Ясней о двойственности не скажешь. Но Дидро предлагает мысль более сложную и более тонкую. Начать с того, что неадекватность актера и играемой им роли обычно утверждается или отрицается в связи с процессом непосредственного сценического действия. Дидро же приписывает артистке двойственность тогда, когда никакой великой Агриппины, строго говоря, нет. Перед посетителем салона одна лишь маленькая Клэрон. Героиня Расина — плод буквально чистого воображения, невоплощенная духовная субстанция. Процесс творчества завершен, дальше будет искусство, мастерство подражания тому, что нарисовали воображение и память художника-творца. (Дидро настаивает на том, что тут закономерность общехудожественная: точно то же происходит и с поэтом.) Актер, создающий роль, и актер, ее же воссоздающий, — тут оппозиция не столько художника и материала, сколько художника-творца и художника-мастера, потому что на обоих, у Дидро разорванных, этапах работы актера художник не только присутствует, но и первенствует.

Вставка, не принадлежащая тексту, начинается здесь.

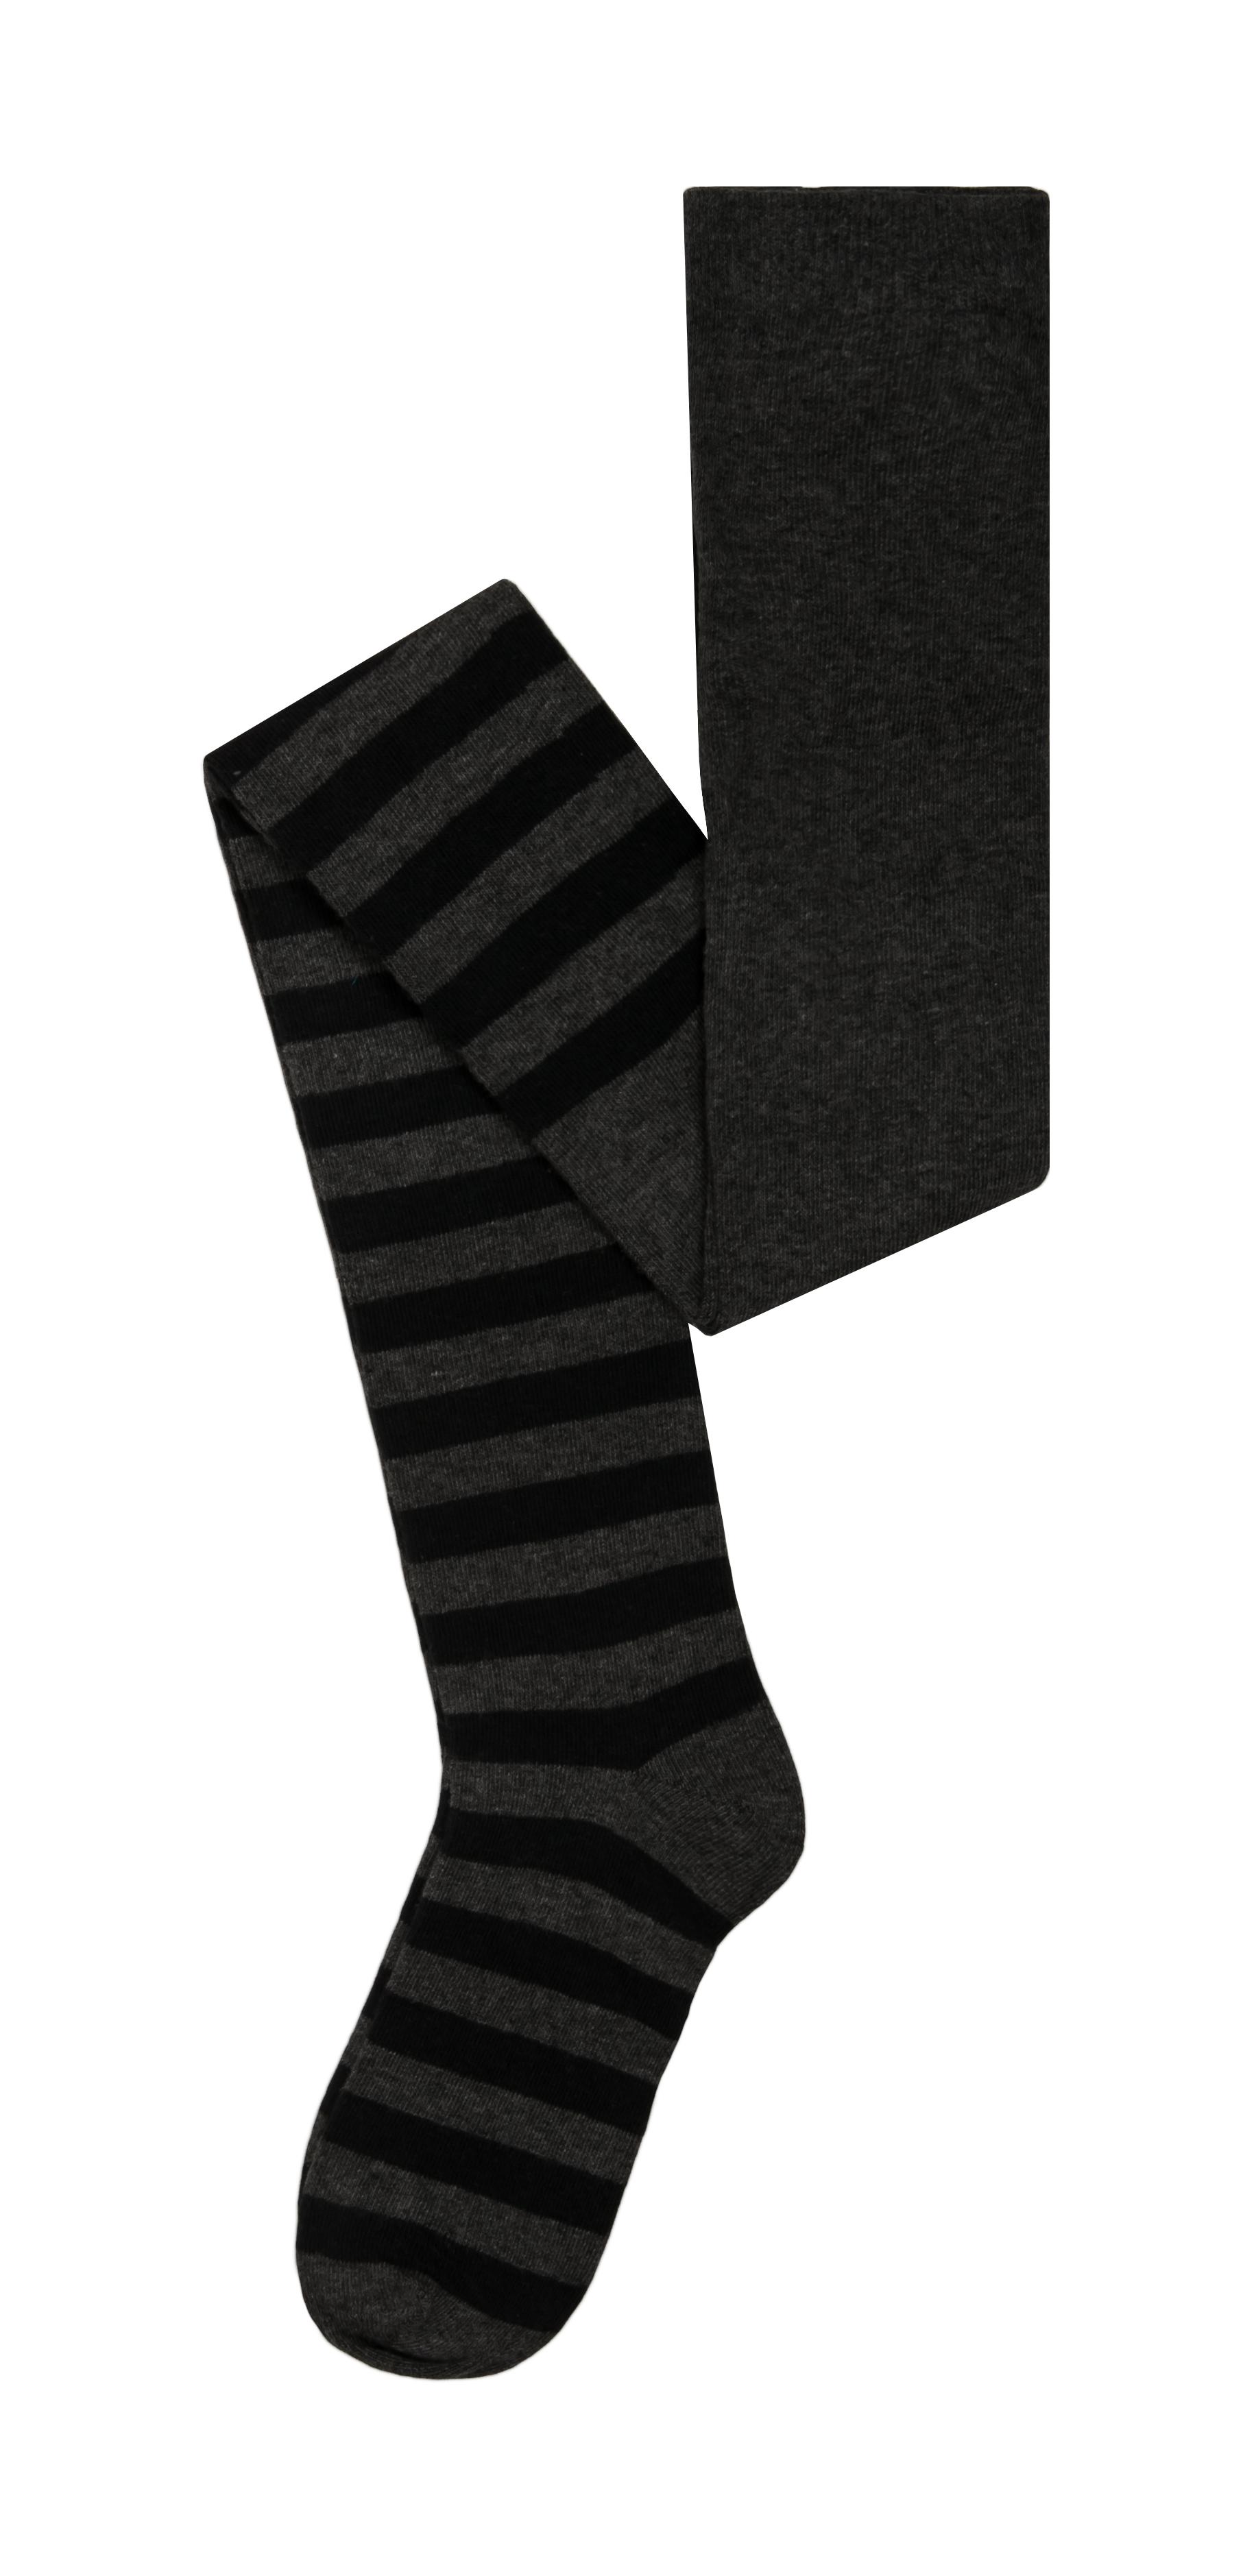 Колготки Barkito графитовые колготки носки гетры reike колготки rph18 bs5
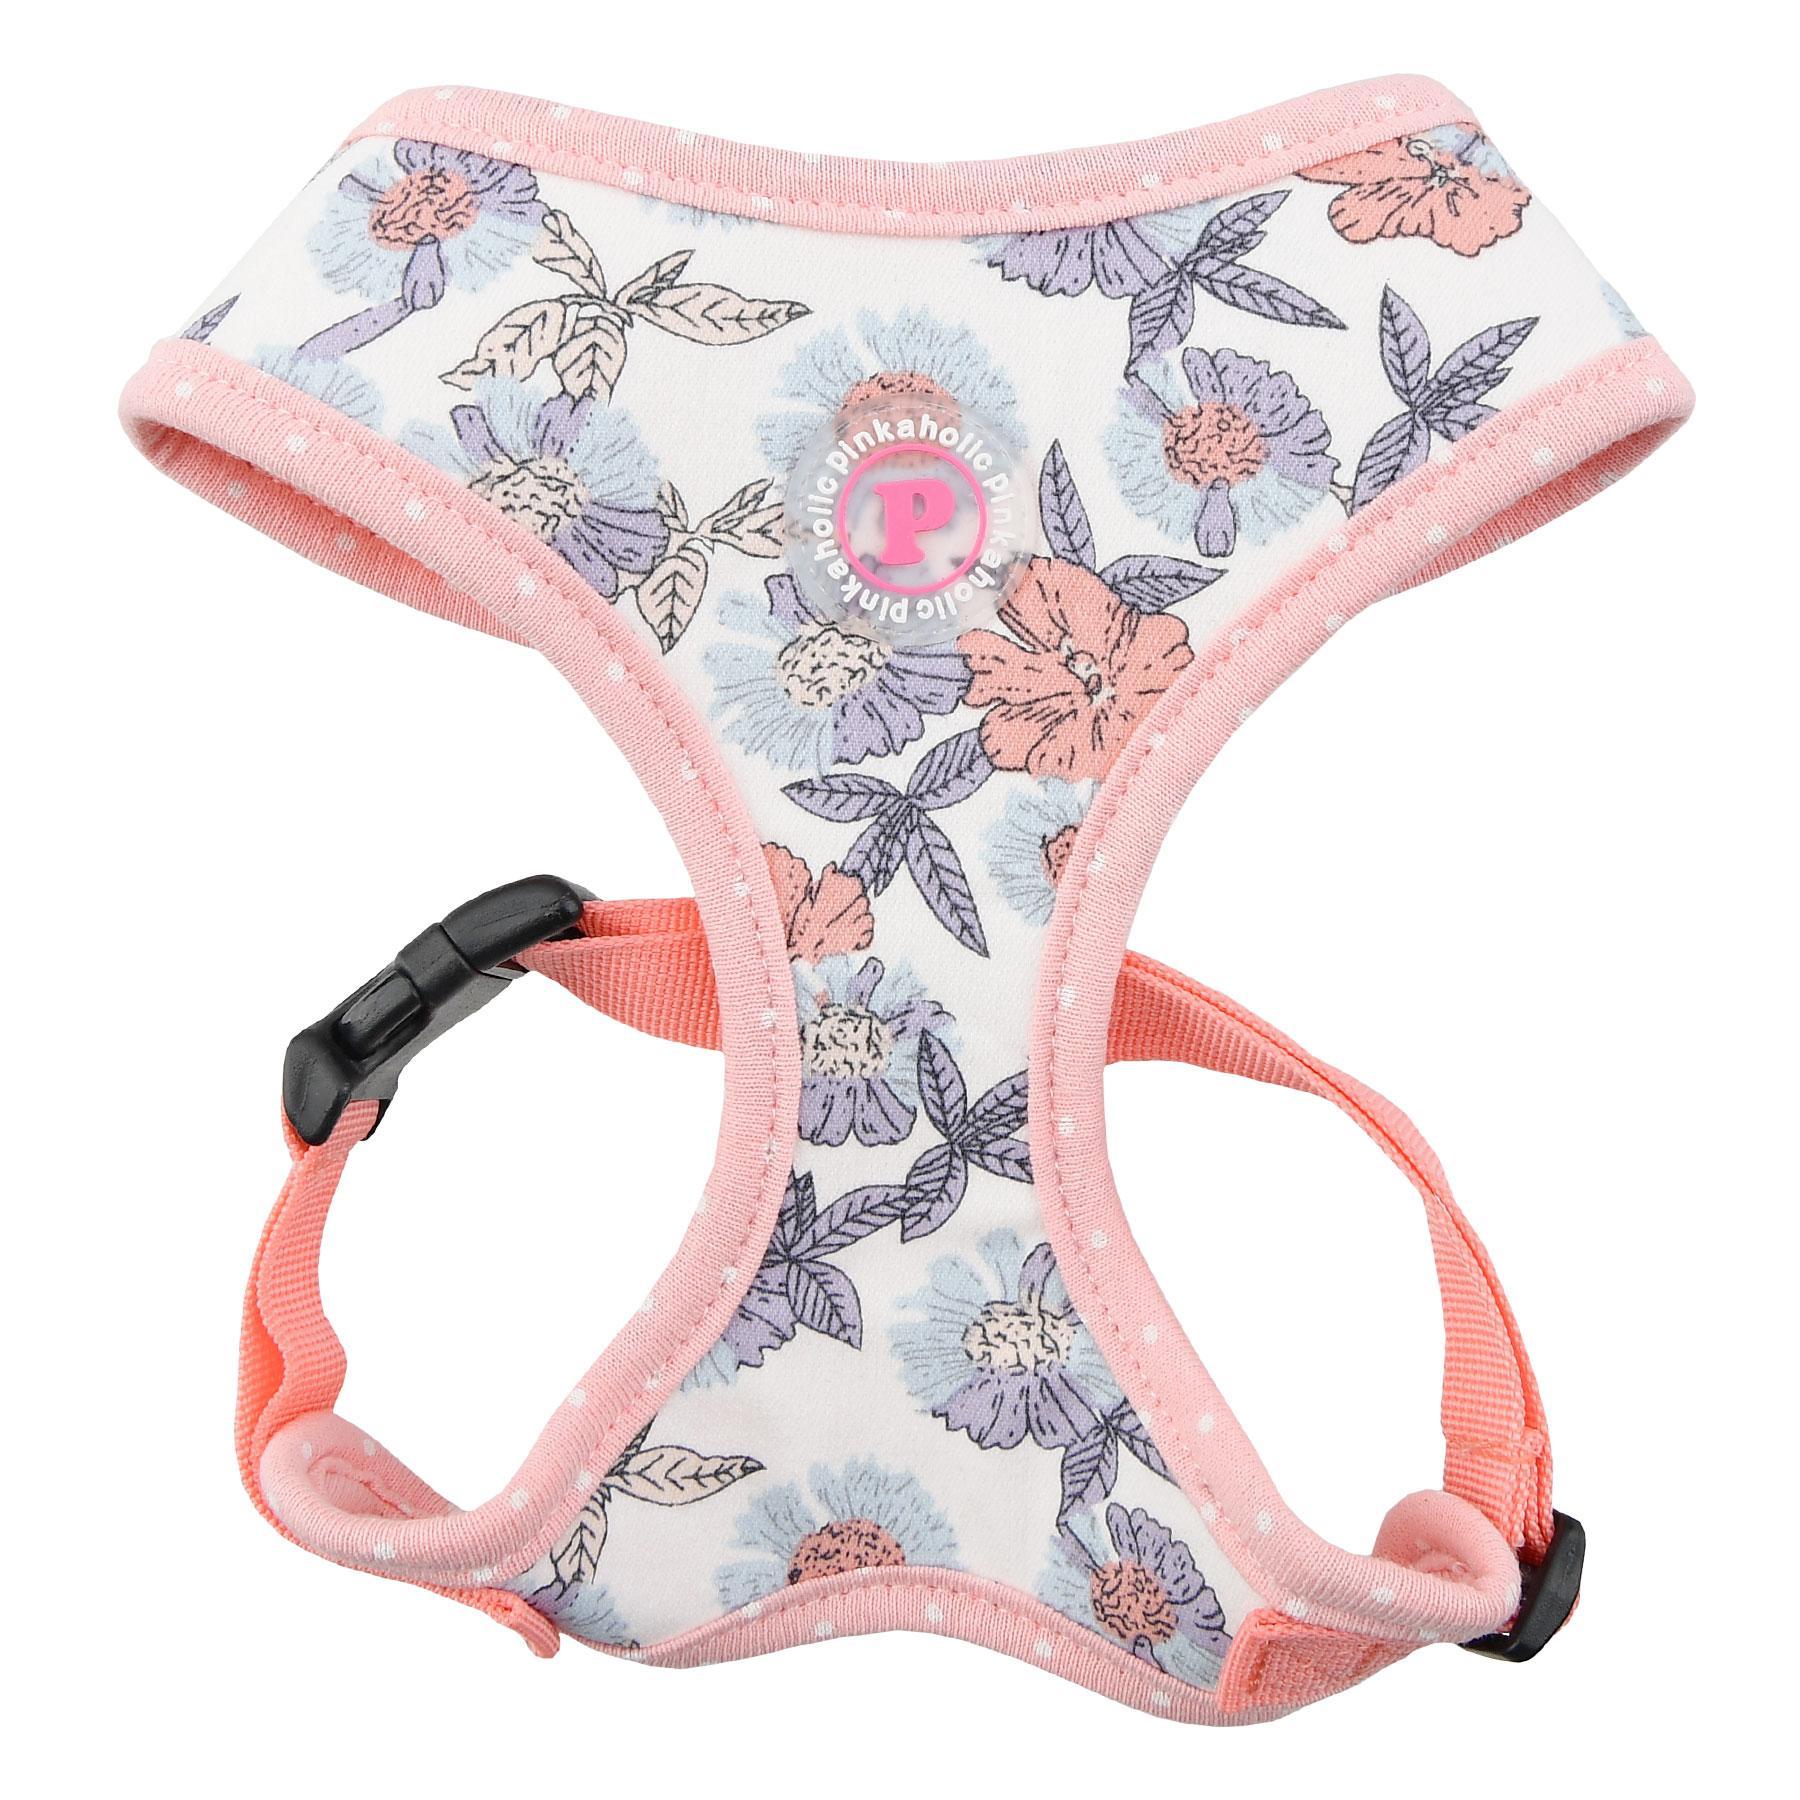 Zinnia Basic Style Dog Harness by Pinkaholic - Ivory

В свое время об этой ситуации определенно высказался М. М. Бахтин. Он писал: «Когда и в какой мере актер творит эстетически? Не тогда, когда он переживает как герой, […] когда {81} он, перевоплотившись, в воображении переживает жизнь героя как свою собственную жизнь, моментом кругозора которой являются все остальные действующие лица, декорации, предметы и проч., когда в его сознании нет ни одного момента, трансгредиентного сознанию изображаемого героя; эстетически творит актер, когда он извне создает и формирует тот образ героя, в которого он потом перевоплотился. […] его эстетическая активность направлена на оформление человека-героя и его жизни. […] Конечно, — признает Бахтин, — в действительной работе актера все эти абстрактно обособленные моменты переплетаются между собой, в этом смысле его игра представляет из себя конкретное живое эстетическое событие; актер — в полной мере художник: все моменты художественного целого представлены в его работе, но центр тяжести в момент игры перенесен во внутренние переживания самого героя как человека, субъекта жизни, то есть во внеэстетическую материю, активно оформленную раньше им же самим как автором и режиссером; в момент перевоплощения он является пассивным (по отношению к активности эстетической) материалом — жизнью созданного им самим раньше художественного целого, которое теперь осуществляется зрителем»[90].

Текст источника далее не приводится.